Anyway, we’ve done elves and orcs – let’s do dwarves!

  • The reasons why the bulk of the dwarven population now lives in orbital habitats – or “habs”, as they’re colloquially known – are complex, ranging from resource exhaustion in ancestral delves to political tension with human neighbours, and only partly involve the increasing incidence of demons of shadow and flame from before the dawn of time. “We did it to get away from all the damn balrogs” lies somewhere between an oversimplification and a private joke.

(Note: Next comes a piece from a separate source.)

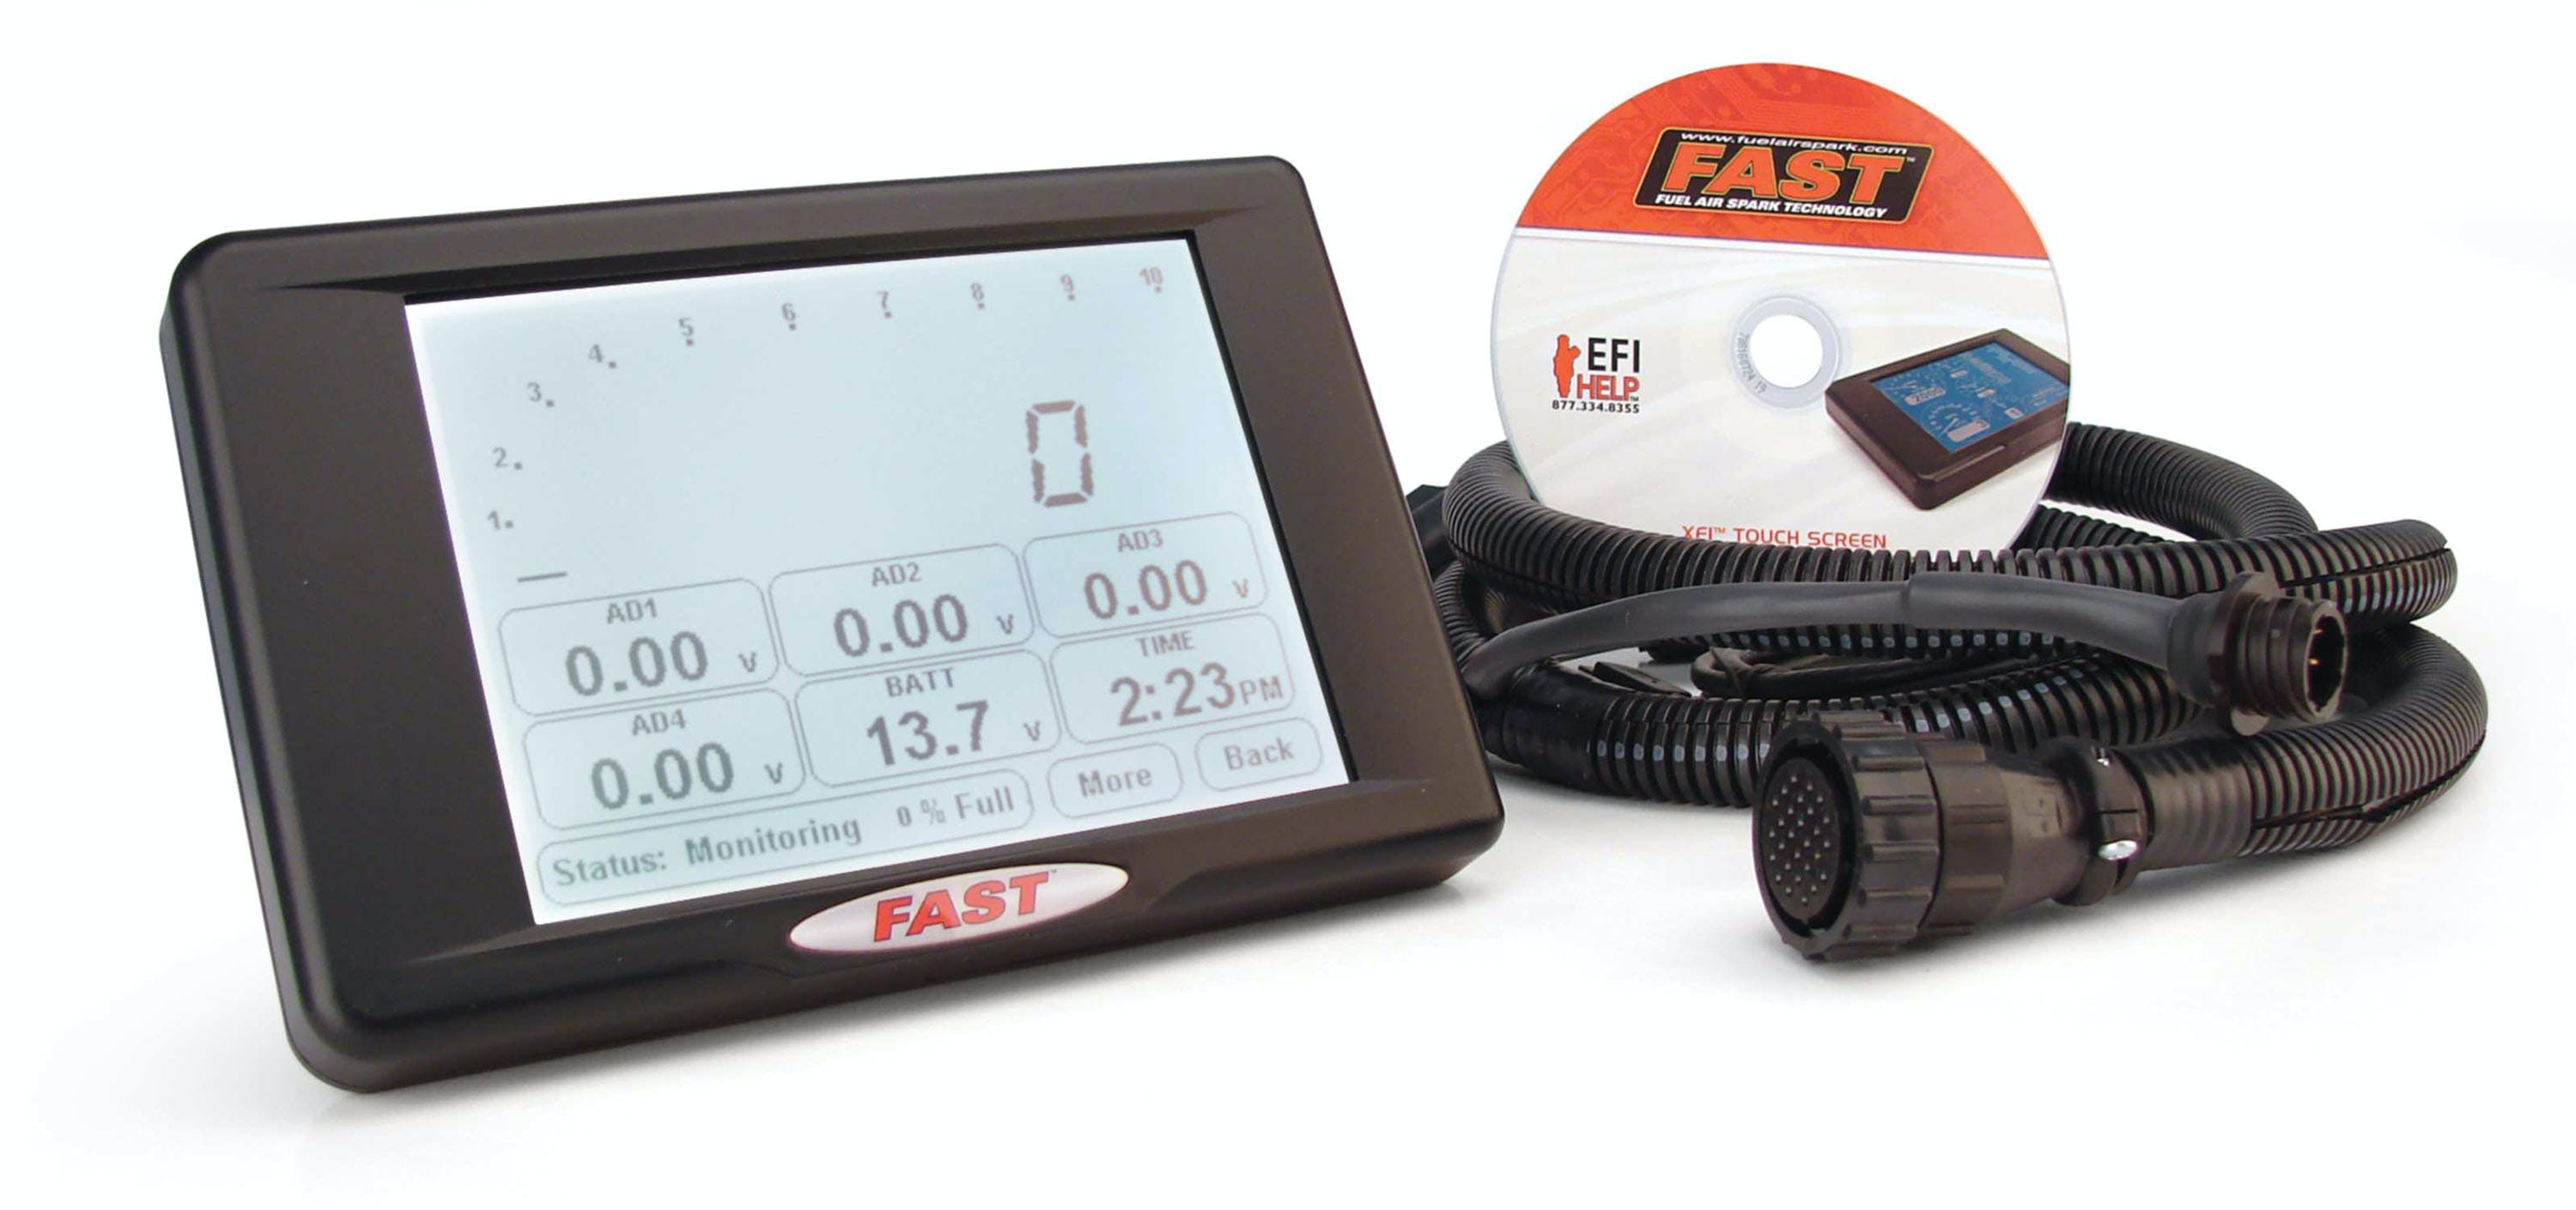 FAST - Fuel Air Spark Technology 301417 XFI Touchscreen Dash/Data Logger

  • (Incidentally, many dwarves will seriously side-eye any non-dwarf who brings up the balrog thing, even in jest, owing to the fact that dwarven greed being responsible for unleashing evil upon a previously pristine world is a once-popular racist canard. Elves in particular receive very little benefit of the doubt.)
  • One surprising factor behind the move, however, is biological: dwarven resistance to magic and poison also applies to cosmic rays. Most habs have no radiation shielding whatsoever, which enormously simplifies their construction compared to general-purpose space stations, at the cost of rendering them unsuitable for long-term residence by non-dwarves. This suits most dwarves just fine.
  • The move to orbit didn’t mean an end to mining: captured comets and asteroids are towed into high orbit for processing by specialised resource extraction habs. Bringing the whole asteroid home is much more convenient than trying to process it on-site, and unmanaged de-orbiting events almost never happen.
  • (Just don’t ask a dwarf about about what happened to their former terrestrial capital – it’s a touchy subject.)
  • Also, it turns out that about one in twenty asteroids contains unhatched space-demon eggs. This is widely regarded as proof of the dwarven cultural conviction that the universe is out to get them. (Thanks to @perfectly-ultimate-great-shoofle for this one!)
  • Apart from resource extraction, dwarven habs play many other roles, from solar power collection to telecommunications to zero-G manufacturing to research and development. Most habs are small enough – a few hundred residents at most – that they’re effectively single-function, and all dwarves hailing from habs with the same function are considered to be members of the same clan, even if their respective orbits are nowhere near each other.
  • Dwarven gamers who live on telecommunications habs enjoy fantastic ping, and are justly reviled for it by their terrestrial opponents.

I love this entire thread, and “Orcs killed their gods, then wrote a musical about it” is one of the best things I’ve ever read.